Dr. Banks was a frequent voice on the Sun and Evening Sun's letters to the editor pages. His most recent letter appeared on last Saturday's commentary page.

In his letters, he took on many topics -- most dealing with the inequities he perceived toward African-Americans. For instance, in Saturday's letter he criticized the Supreme Court decision against minority set-asides, saying the court "has placed its judicial imprimatur in a resuscitation of separate but unequal treatment for black citizens."

He was also highly critical of congressional Republicans' "Contract with America," saying it signaled an intensification of hostility, racism and indifference to the socio-economic and educational needs of racial minorities and the poor.

In the early 1980s, he was instrumental in leading a predominately black boycott of the Baltimore Sun after a series of articles appeared in The Evening Sun that dealt with single parent families.

His wife said his prolific writing and strong opinions about education were fueled by "his care and concern for children. He believed in education. It was uppermost in his thoughts. He loved children."

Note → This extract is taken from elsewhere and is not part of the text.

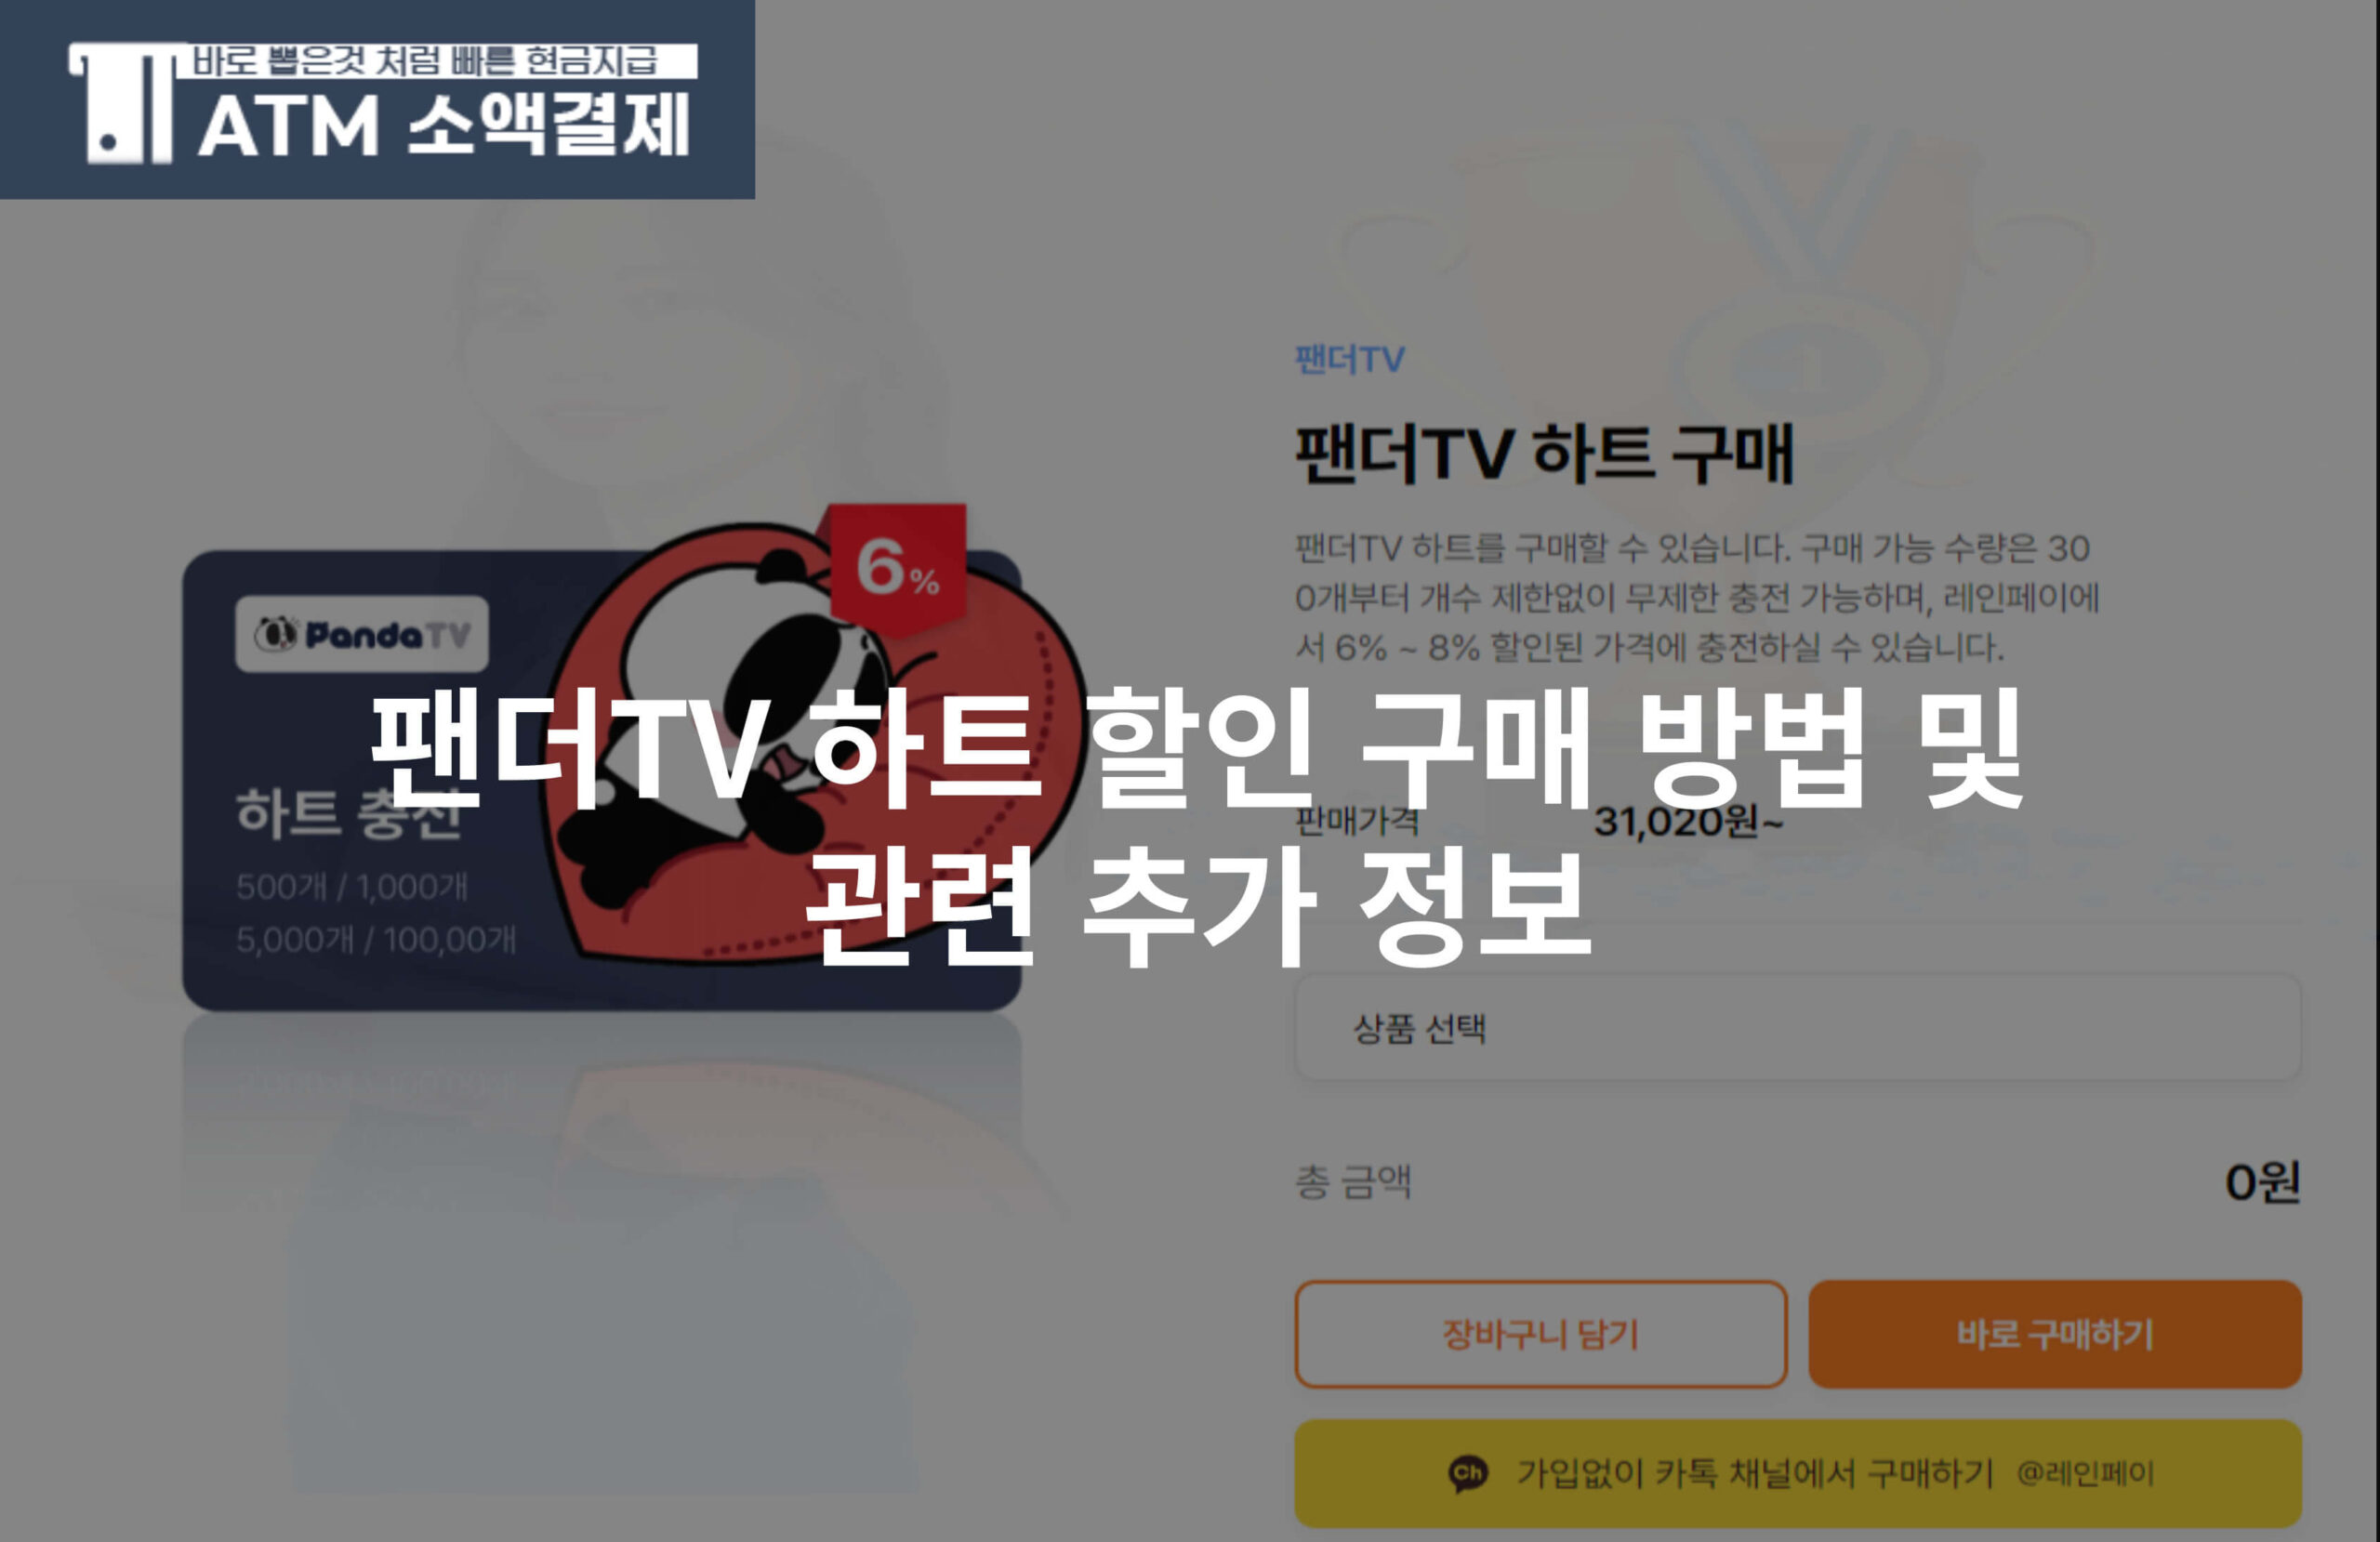 팬더TV 하트 할인 구매 방법 및 관련 추가 정보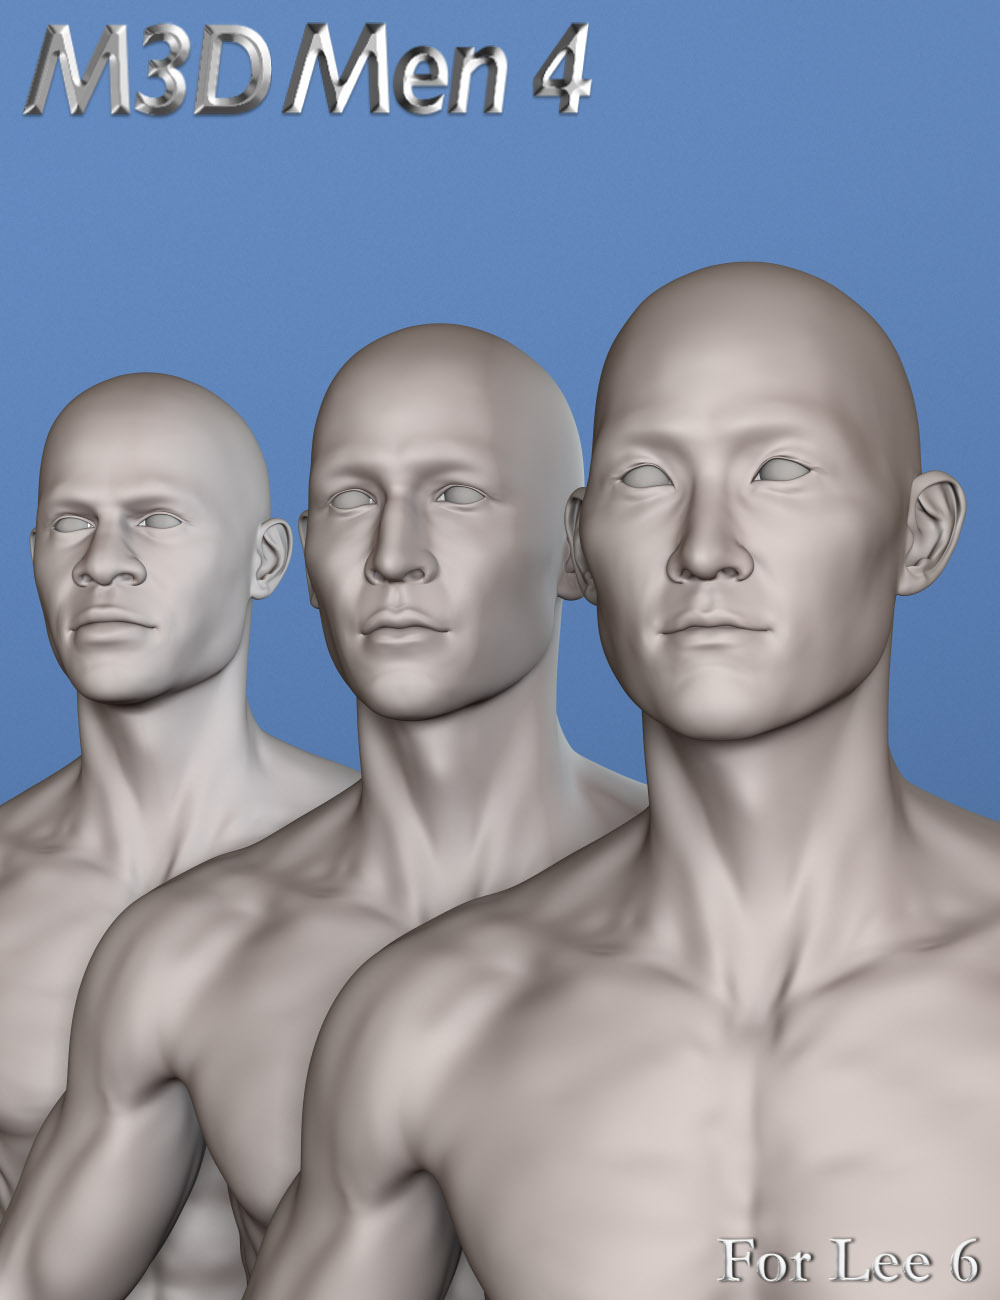 M3D Men 04 for Lee 6 by: Male-M3dia, 3D Models by Daz 3D

Dr. Banks was educated in the Norfolk, Va., school system, received his undergraduate degree from Howard University in Washington and his doctorate in education from American University, also in Washington.

He began his career more than three decades ago, teaching social studies for Baltimore schools.

A national leader in social studies curriculum, he was a president of the Association for the Study of Afro-American History and Life, the organization that founded Black History Week.

He was also a member of the NAACP and was active in his

church, Walker Memorial Baptist Church in Washington.

In addition to his wife of 38 years, he is survived by two daughters, Gayle Banks Jones of Bowie, Allison Banks Holmes of Upper Marlboro and three grandchildren.

B6 Funeral arrangements were incomplete this morning.